The records section start

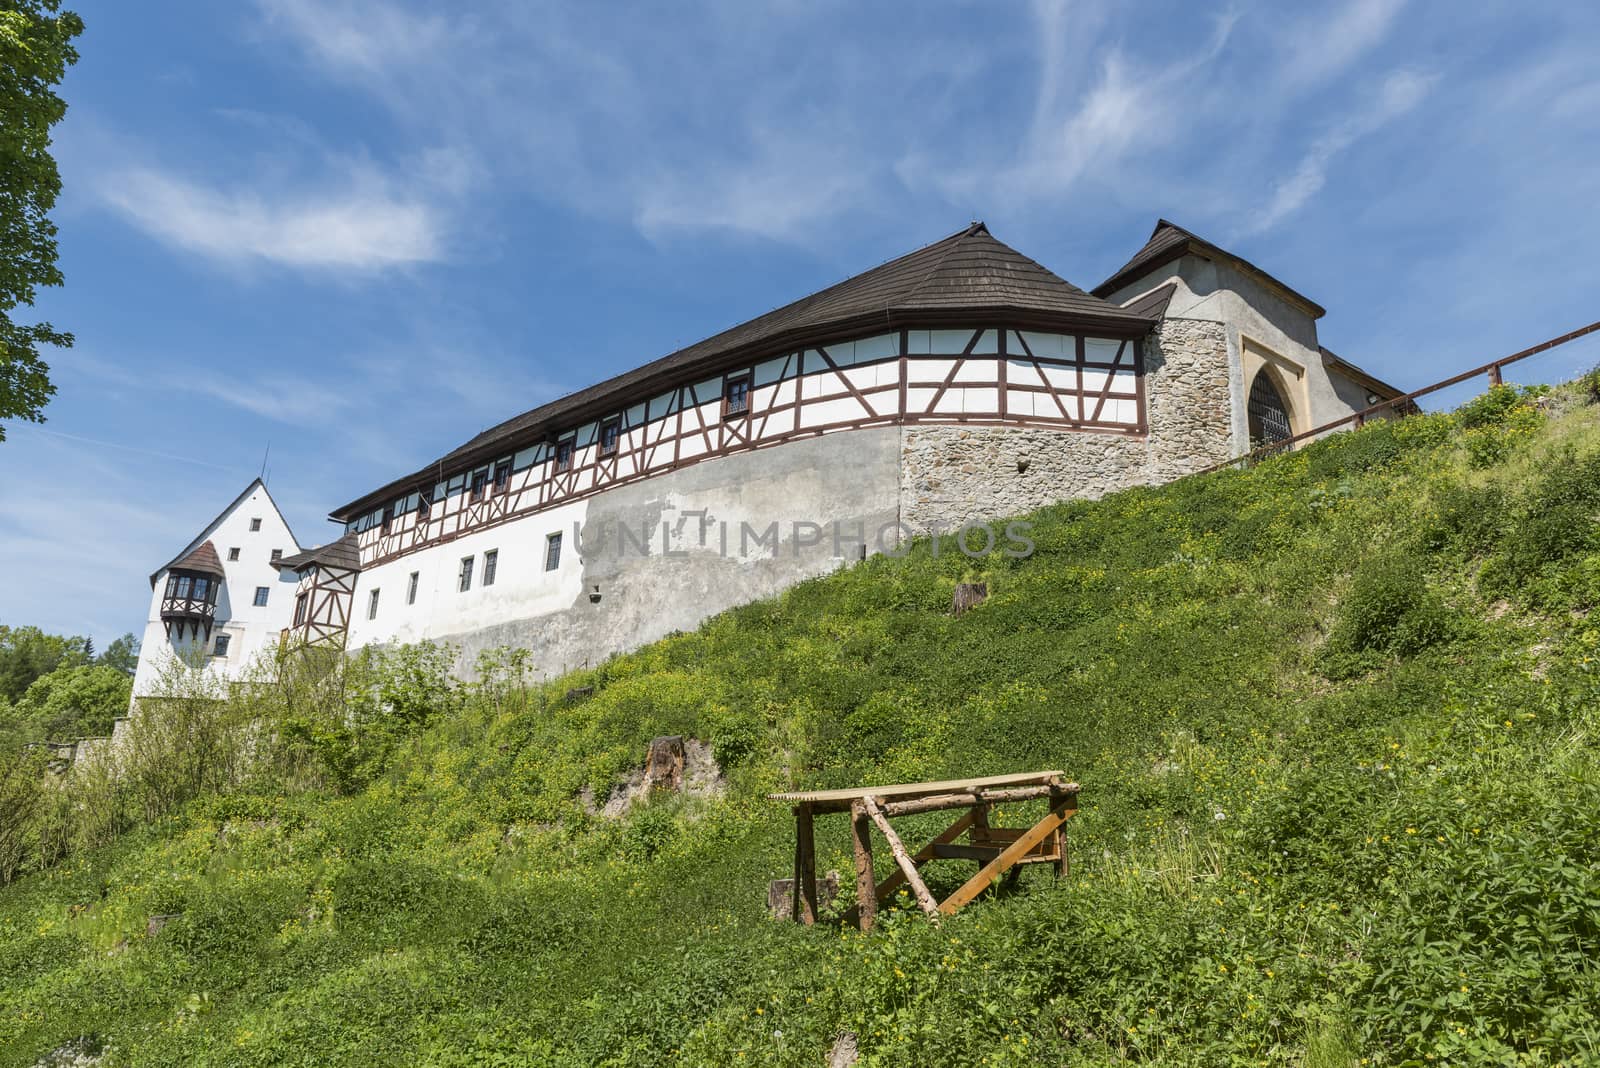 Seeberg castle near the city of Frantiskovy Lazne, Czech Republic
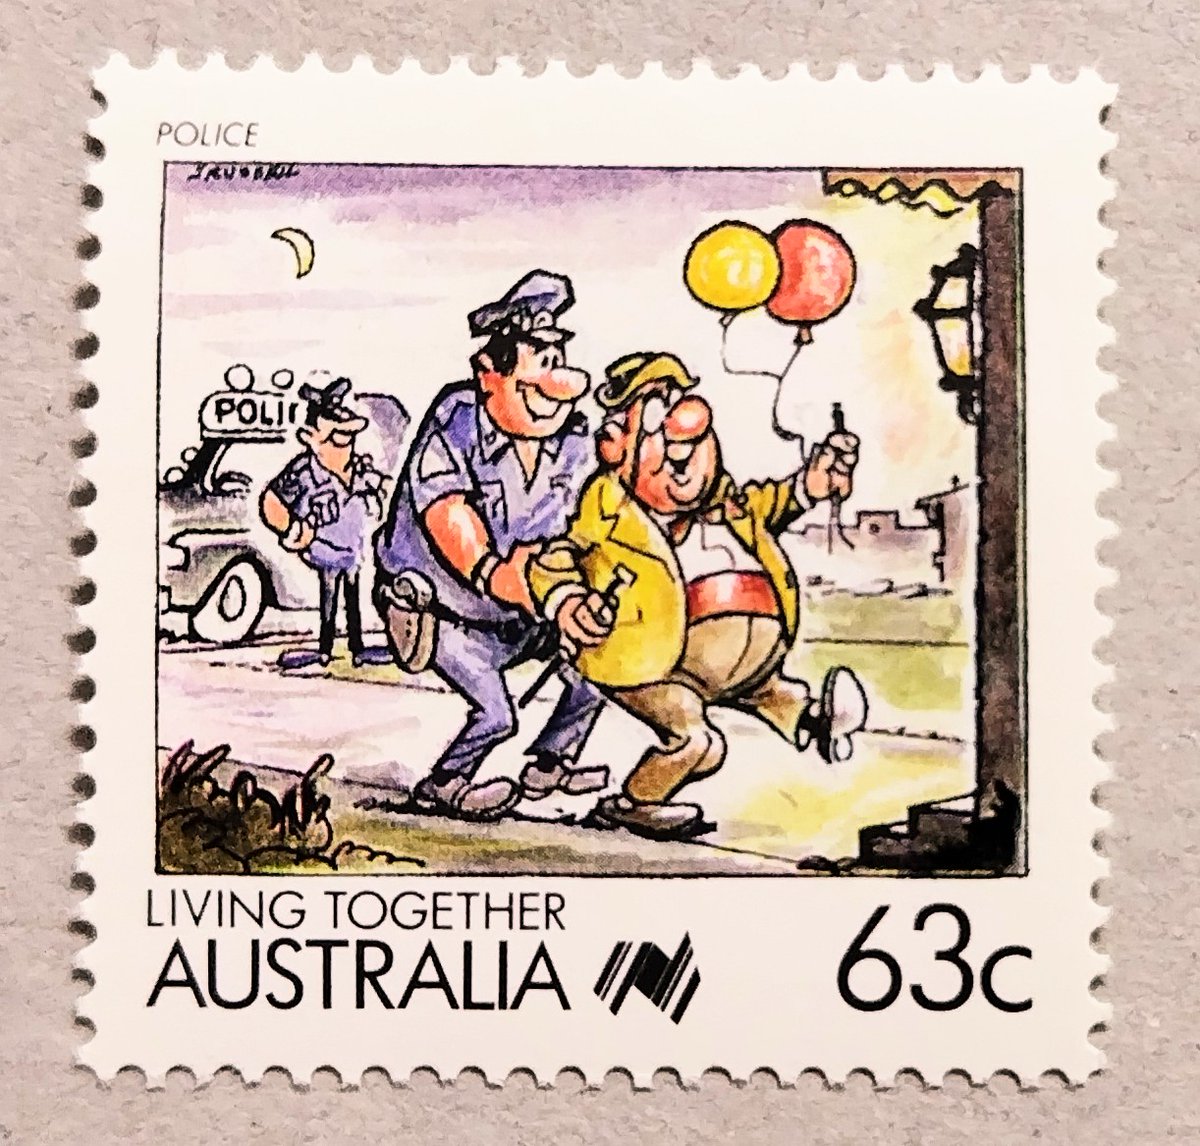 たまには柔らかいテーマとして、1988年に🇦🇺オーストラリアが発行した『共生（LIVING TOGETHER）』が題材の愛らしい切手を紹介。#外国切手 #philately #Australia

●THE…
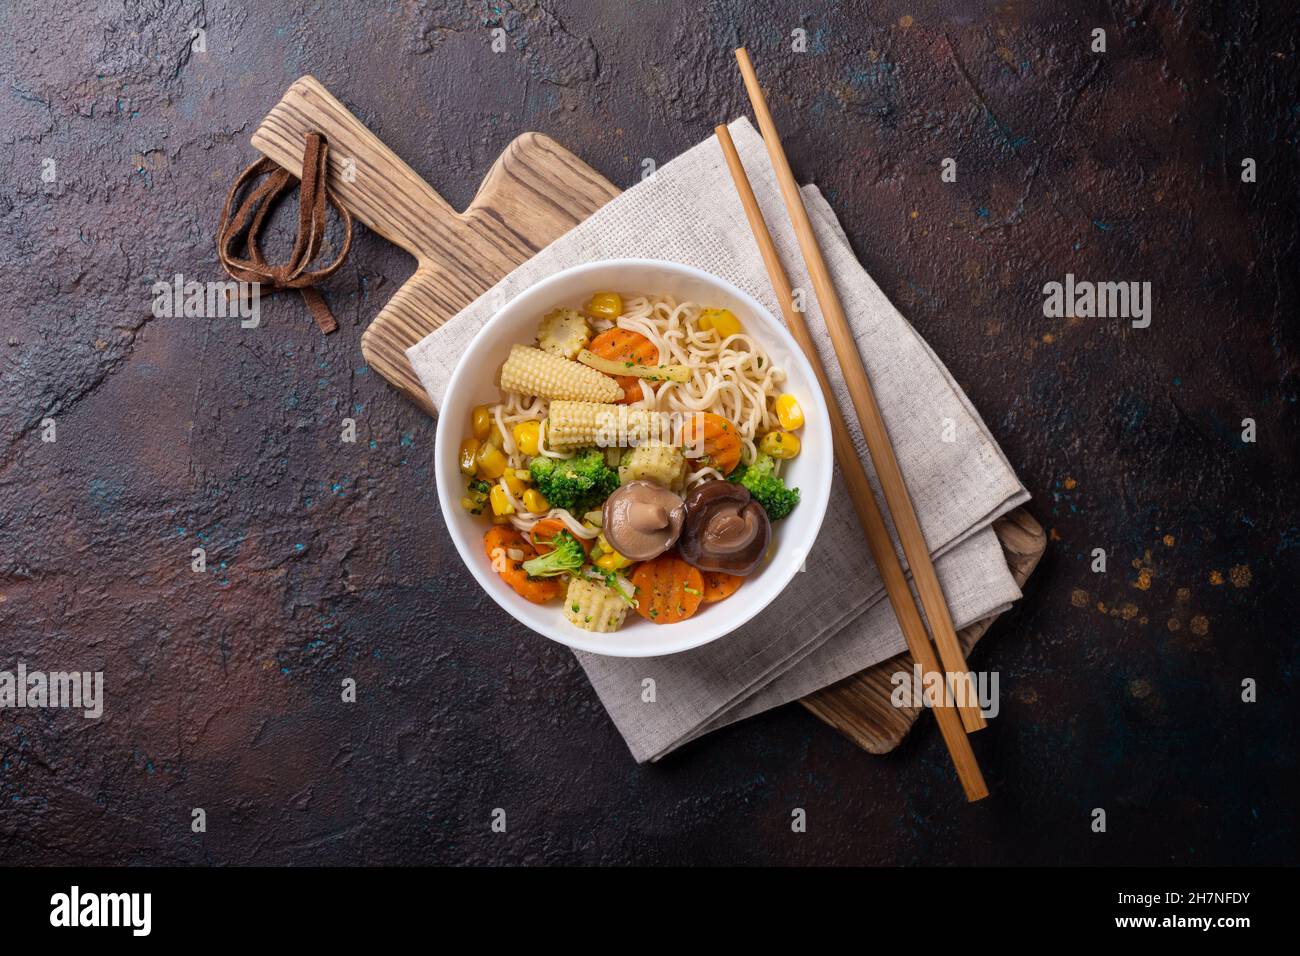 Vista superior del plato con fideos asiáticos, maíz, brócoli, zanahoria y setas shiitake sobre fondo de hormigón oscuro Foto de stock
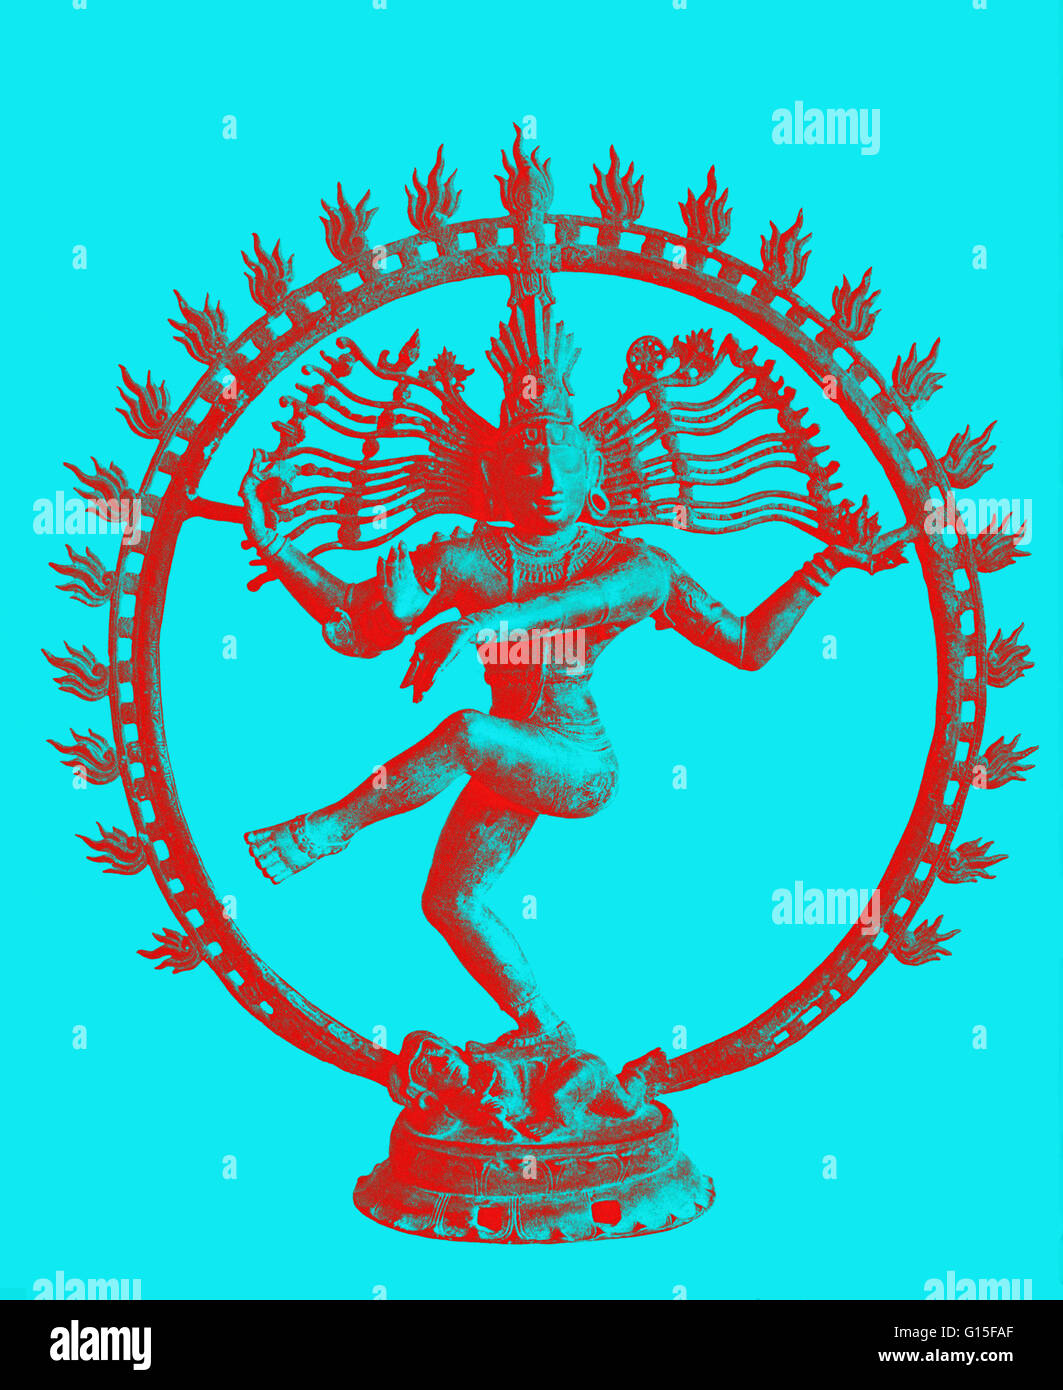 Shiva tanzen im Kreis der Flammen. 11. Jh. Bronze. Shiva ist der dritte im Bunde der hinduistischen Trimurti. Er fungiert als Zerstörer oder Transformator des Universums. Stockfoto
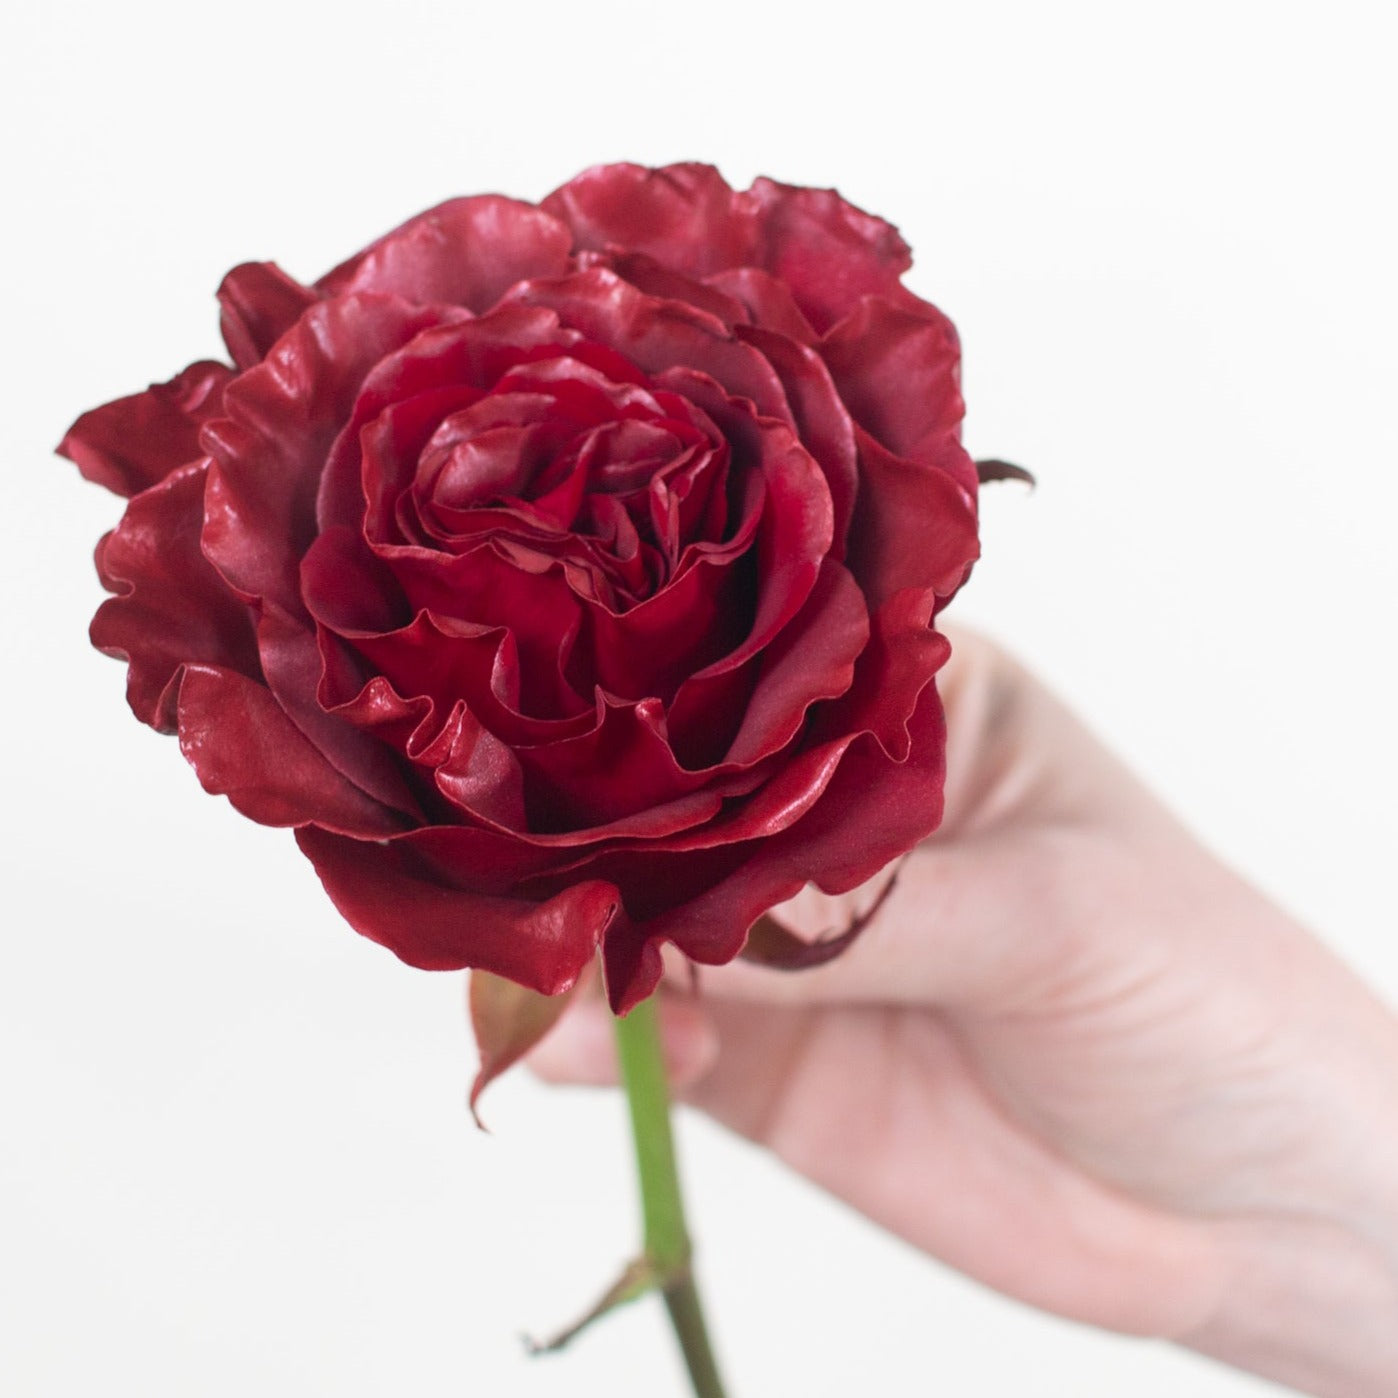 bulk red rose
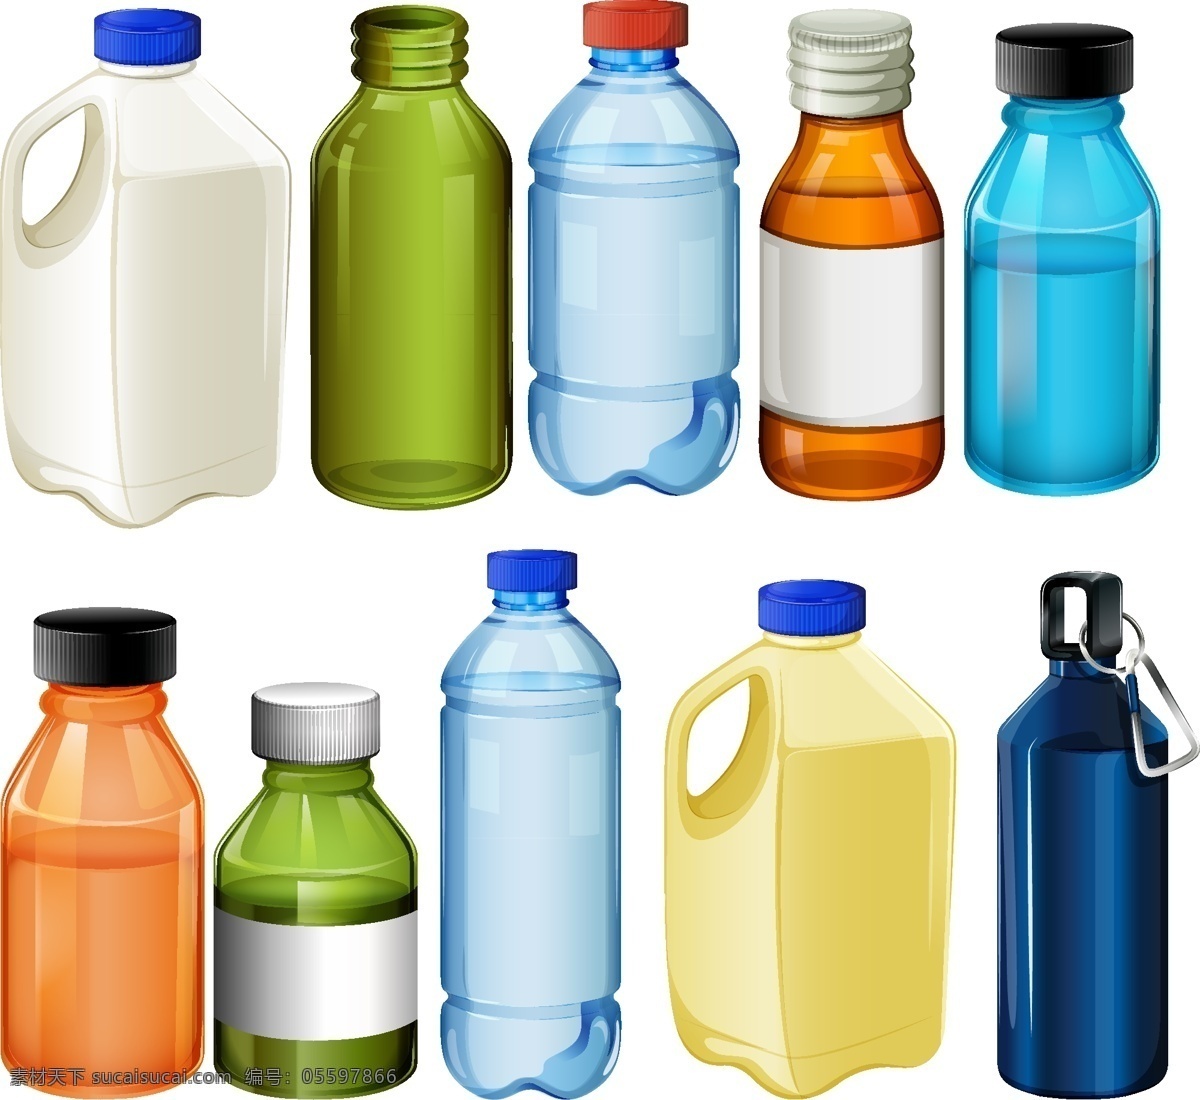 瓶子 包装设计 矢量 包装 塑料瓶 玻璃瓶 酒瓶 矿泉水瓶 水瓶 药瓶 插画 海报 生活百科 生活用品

The records section end

* **Exercise description**: Skip the pictures, then retype every line above exactly.

* **Exercise answer**:
 Seeberg castle near the city of Frantiskovy Lazne, Czech Republic
 たまには柔らかいテーマとして、1988年に🇦🇺オーストラリアが発行した『共生（LIVING TOGETHER）』が題材の愛らしい切手を紹介。#外国切手 #philately #Australia

●THE…
 Vista superior del plato con fideos asiáticos, maíz, brócoli, zanahoria y setas shiitake sobre fondo de hormigón oscuro Foto de stock
 Shiva tanzen im Kreis der Flammen. 11. Jh. Bronze. Shiva ist der dritte im Bunde der hinduistischen Trimurti. Er fungiert als Zerstörer oder Transformator des Universums. Stockfoto
 bulk red rose
 瓶子 包装设计 矢量 包装 塑料瓶 玻璃瓶 酒瓶 矿泉水瓶 水瓶 药瓶 插画 海报 生活百科 生活用品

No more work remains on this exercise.